Semalt: A Super Guide To Blocking Referrer Spam In Your Google Analytics

Nik Chaykovskiy, the expert from Semalt, assures that referral spam is one of the problems that webmasters currently face. The situation has been getting worse over the years, meaning that someone somewhere makes a lot of money from creating referral spam.

Ghost and Referral Spam

Spam has now made its way to Google Analytics reports. Spammers look for vulnerabilities in the system so that they can appear in the website's data reports. They do this with the of hope that they spark enough curiosity to the point that the webmaster visits their website to see why they are in the report. The problem is that they do not increase traffic. They do not even make it since they are bots. They use the JavaScrip tracking code used by Google Analytics to create a notification that there was a visit. They end up skewing vital statistics like bounce rates and other elements used to analyze engagement. It is imperative to block referral spam if one needs accurate data especially if they rely on it to make marketing decisions.

It becomes hard to block referral spam especially since the spammers work very fast, increasing the rate of spam hits as well as the sources.

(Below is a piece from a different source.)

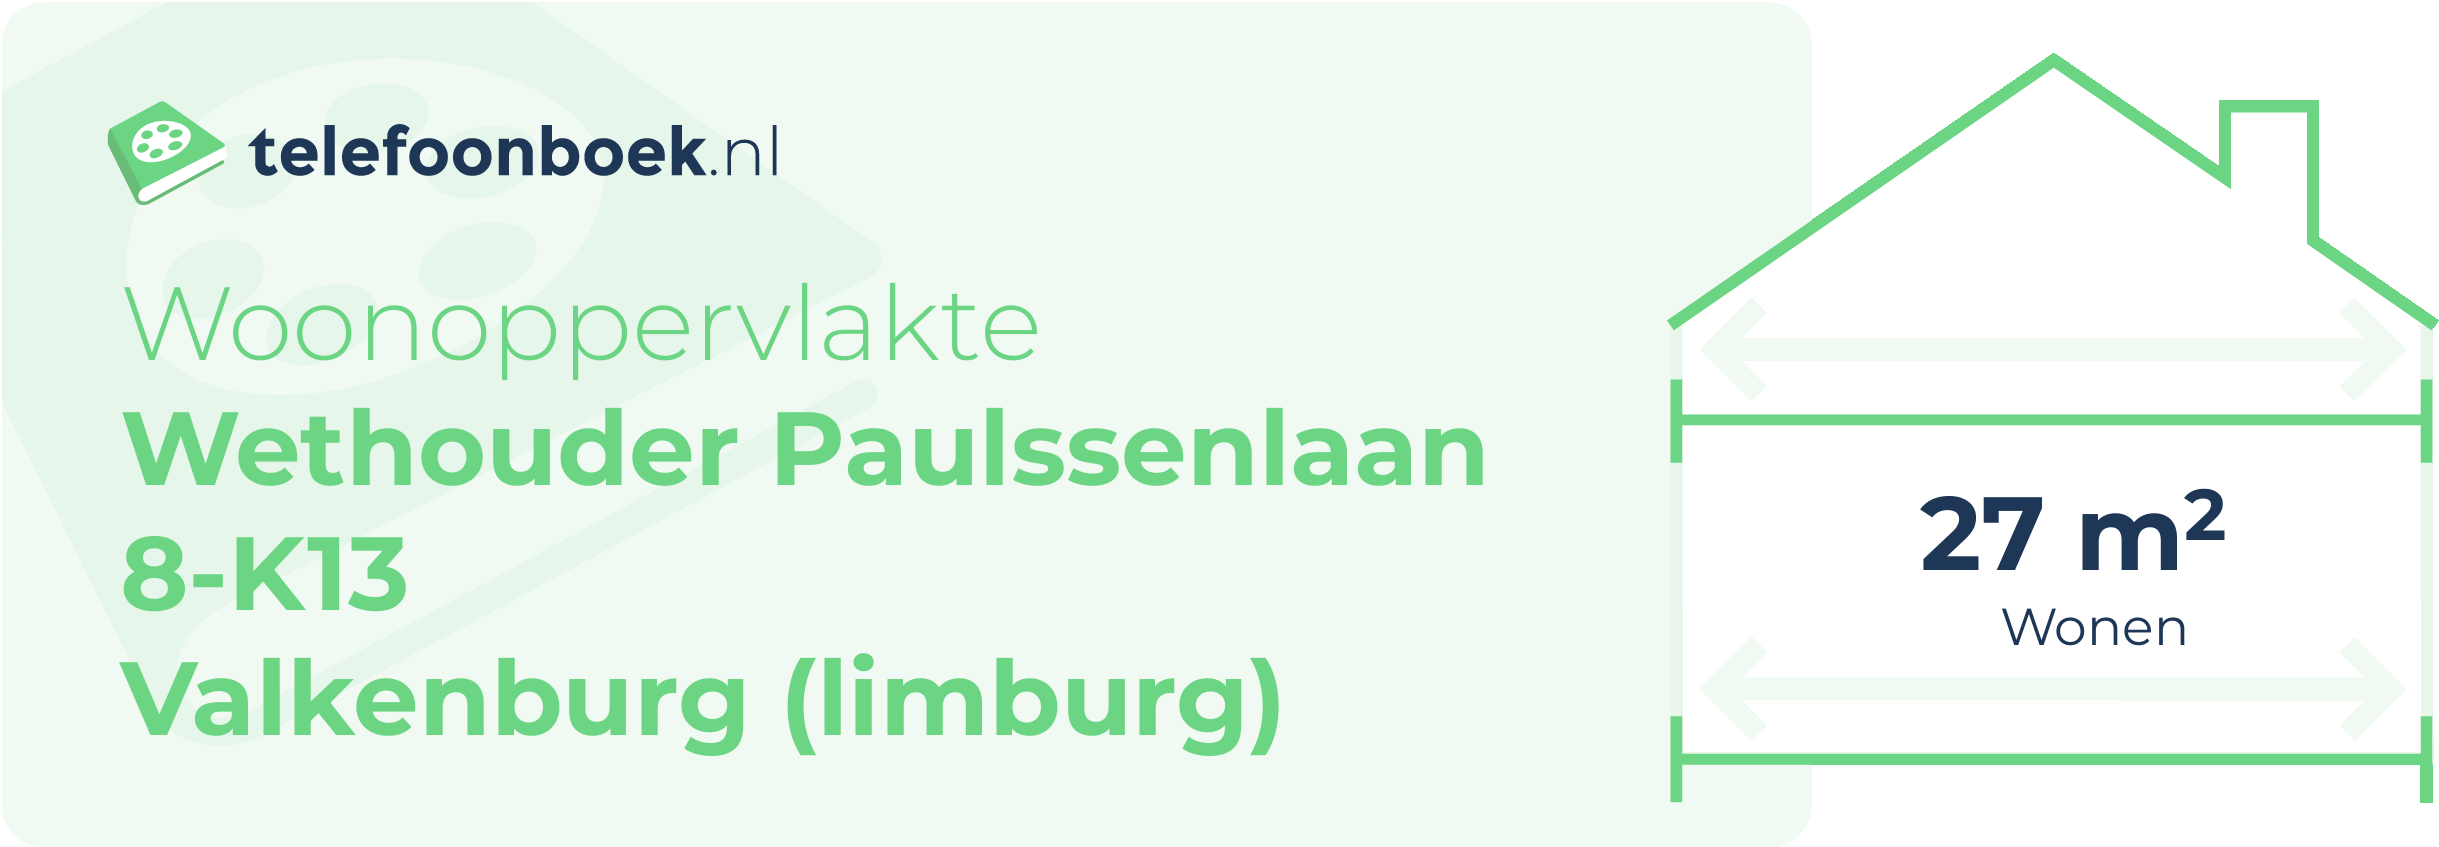 Woonoppervlakte Wethouder Paulssenlaan 8-K13 Valkenburg (Limburg)

It means that webmasters need to improve on the effort they put in eliminating and blacklisting these sources. It is particularly troublesome to people who have new sites who do not receive much legitimate traffic. An increase in spam rates on such sites would present more skewness which might even be more than the daily hits it receives.

How Easy Is It?

One page load records as a single visit. Ghost spammers use the Google Analytics tracking code and send traffic data straight to the reports, thereby forging a visit. It may take 0.001 seconds to load a single page on a server somewhere. However, they may have forced over 100 of these forged visits onto the Google accounts of many other sites all over. It is quite easy to buy a single host. As long as the spammers are sure of ROI, there is a lot of damage they can do with them.

Solutions that Come Up Short

Some techniques are sometimes so advanced that the solutions employed to block referral spam do not work. One of them is the mysterious online service called Darodar. The following methods did not clear it from GA.

  • The .htaccess file. It does not work since ghost spam does not touch the site
  • The referral exclusion list. It lacks updates.
  • Exclusion filters. It is outdated method since it only focuses on future spam and not retroactive for past spam databases.

The Exclusion filter almost came close to eliminating the Darodar referral spam. Its only limitation was that it does not have a constant and consistently updated referral spammer list.

The Missing Puzzle Piece

An actionable solution to identify and block referral and ghost data should be very updated, come from a broader database, and retroactive to past information. Based on the three elements for an optimal solution, here is one that works.

Step 1: Using Segments to Exclude Spam

It is better to use segments since they do not alter data permanently. If one accidentally filters out real referrers while using filters, there is no way of getting them back. It is possible to build on old data using segments, despite how long it has been there. One can also apply them retroactively.

Step 2: Maintaining the Exclusion List

Slack is a tool that webmasters can use to monitor referral sources. It notifies the user concerning any new referrals and gives them a prompt: whether to whitelist or blacklist a suspicious referral source.

1. Slack receives all referrals, and

2. It uses a PHP to sort all the results by order of count, and then loops the final list to the webmaster to see if any looks familiar. If not,

3. It forwards all the suspected spam to a slack channel which offers the user a choice between a whitelist or a blacklist. Whichever option they choose, it leads to step 4,

4. It redirects to a page that verifies the verdict as a selection confirmation.

5. Slack then stores and locks all identified spammers in the database

6. The final display of clean data will be in regex format. Copy and paste it in Google Analytics.

Slack allows the webmasters to update the exclusion list at least five times a day.

In Reality, Several Solutions Can Work:

Despite this being a proven method, it would work even better if the webmaster supplements it with other techniques, just to make sure they cover all bases. In addition to the said solution:

  • Click on the checkbox that prompts Google Analytics to exclude known bots and spiders,
  • Apply an "include hostname filter,"
  • Use cookies

The inclusive filter mentioned above is efficient sometimes, but not the best solution in the long run because:

  • Hostname spoofing is not difficult to do, and analytics spammers are increasingly using it as a vulnerable.
  • If the setup is wrong, it might end up filtering out real referrers.